Advance

Advance is a framework for building data transformation pipelines. Advance allows you to concisely script your data transformation process and to incrementally build and easily debug that process. Each data transformation is a step and the results of each step become the input to the next step.

The artifacts of each step are preserved in step named directories. When the results of a step are not right, just adjust the Advance script, delete the step directory with the bad data and rerun the script. Previously successful steps are skipped so the script moves quickly to the incomplete step. Similarly, when steps fail the results are preserved in directories prefixed with "tmp_". This isolates incomplete step data and ensures that the step is re-processed when the problem is resolved.

Your project utilizing Advance contains a primary ruby script that imports Advance and includes your data transformation steps, which we will call "your Advance script." Each step describes a command to be run on your data. These commands can be one of the prepackaged Advance scripts, unix commands (like split, cut, etc), or scripts/commands that you create in whatever language is convenient for you. Advance invokes these scripts one by one much like you would at the command line. Advance logs the exact command that is invoked so that you can run it yourself to check the output manually and to debug failures.

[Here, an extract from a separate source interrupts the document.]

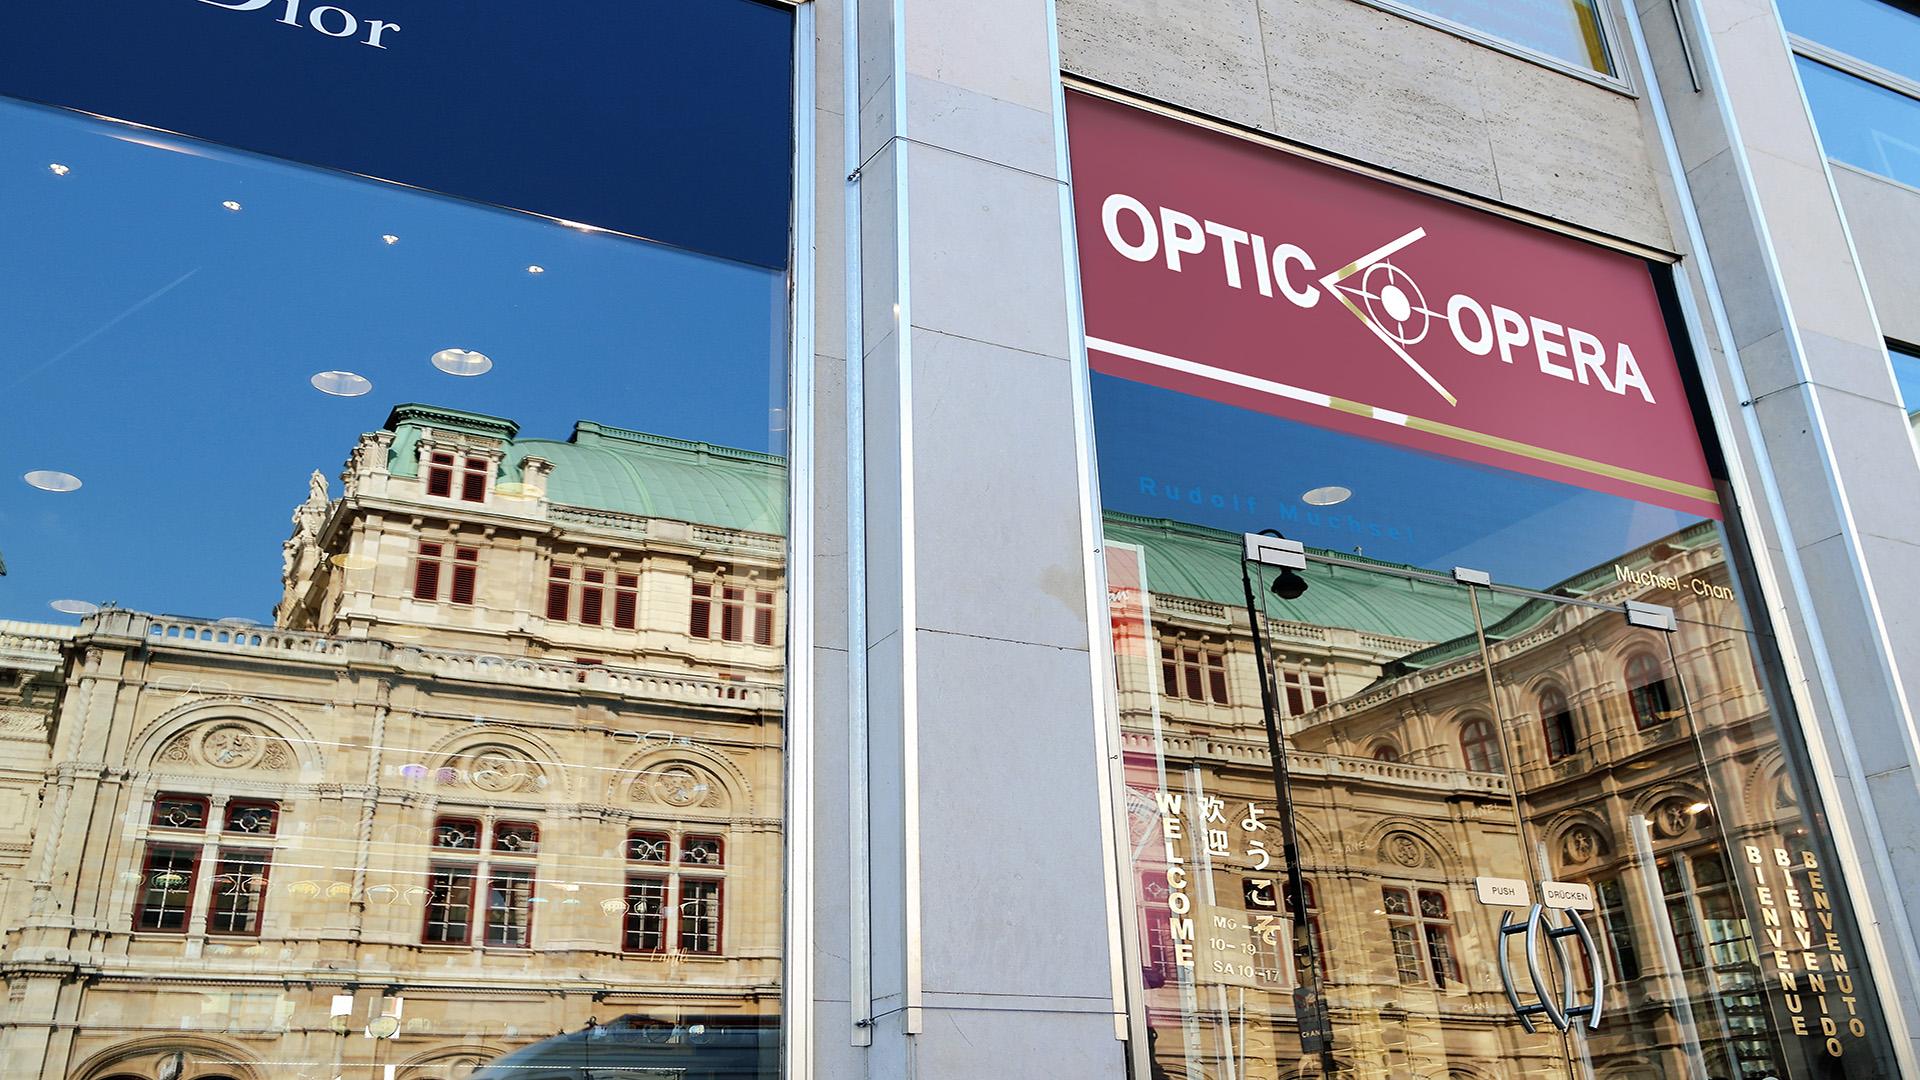 Optic Opera

Advance steps are composed of a step processing type function, followed by a slug for the step, followed by the command or script. For example:

single :unzip_7z_raw_data_file, "7z x {previous_file}"
single :split_files, "split -l 10000 -a 3 {previous_file} gps_data_"
multi :add_local_time, "cat {file_path} | add_local_time.rb timestamp local_time US/Pacific > {file}"
# ...

The step processing functions are single and multi. Single applies the command to the last output, which should be a single file. Multi speeds processing of multiple files by doing work in parallel (via the TeamEffort gem).

Advance: To help the progress of (something); to further.

Installation

Advance is meant to augment a standalone ruby script. The advance gem needs to be available to your instance of ruby. Here are 2 techniques to make Advance available to your script:

  • simply install the gem:

    $ gem install advance

  • install bundler, and add Advance to your Gemfile:

source "https://rubygems.org"

gem "advance"
# other gems...

Usage

You will likely need multiple supporting scripts. Ideally you will create your Advance script and your supporting scripts in a single directory.

Creating your Advance script is an incremental process. Start with a single step, run the script and check the results. When the output is as you expect, add the next step. After you add a step to your script you can simply rerun the script. Previously successful steps are skipped and your script moves on to the first incomplete step.

When the results are not what you expect, just delete the step directory with the bad data, adjust your step, and rerun. Advance will rerun that step and all subsequent steps.

Steps have 3 components:

  • a step processing type (single or multi)
  • a descriptive slug describing the step (as a ruby symbol)
  • the command that transforms the data

Advance adds the bin dir of the Advance gem to PATH, so that you can invoke the supporting advance scripts in your pipeline without specifying the full path of the script. Advance also adds the path of your Advance script to PATH so that you can invoke scripts in the same directory as your main script without specifying the full path of the script. Of course, you can invoke any script if the path to the script is fully specified or the path is already on PATH.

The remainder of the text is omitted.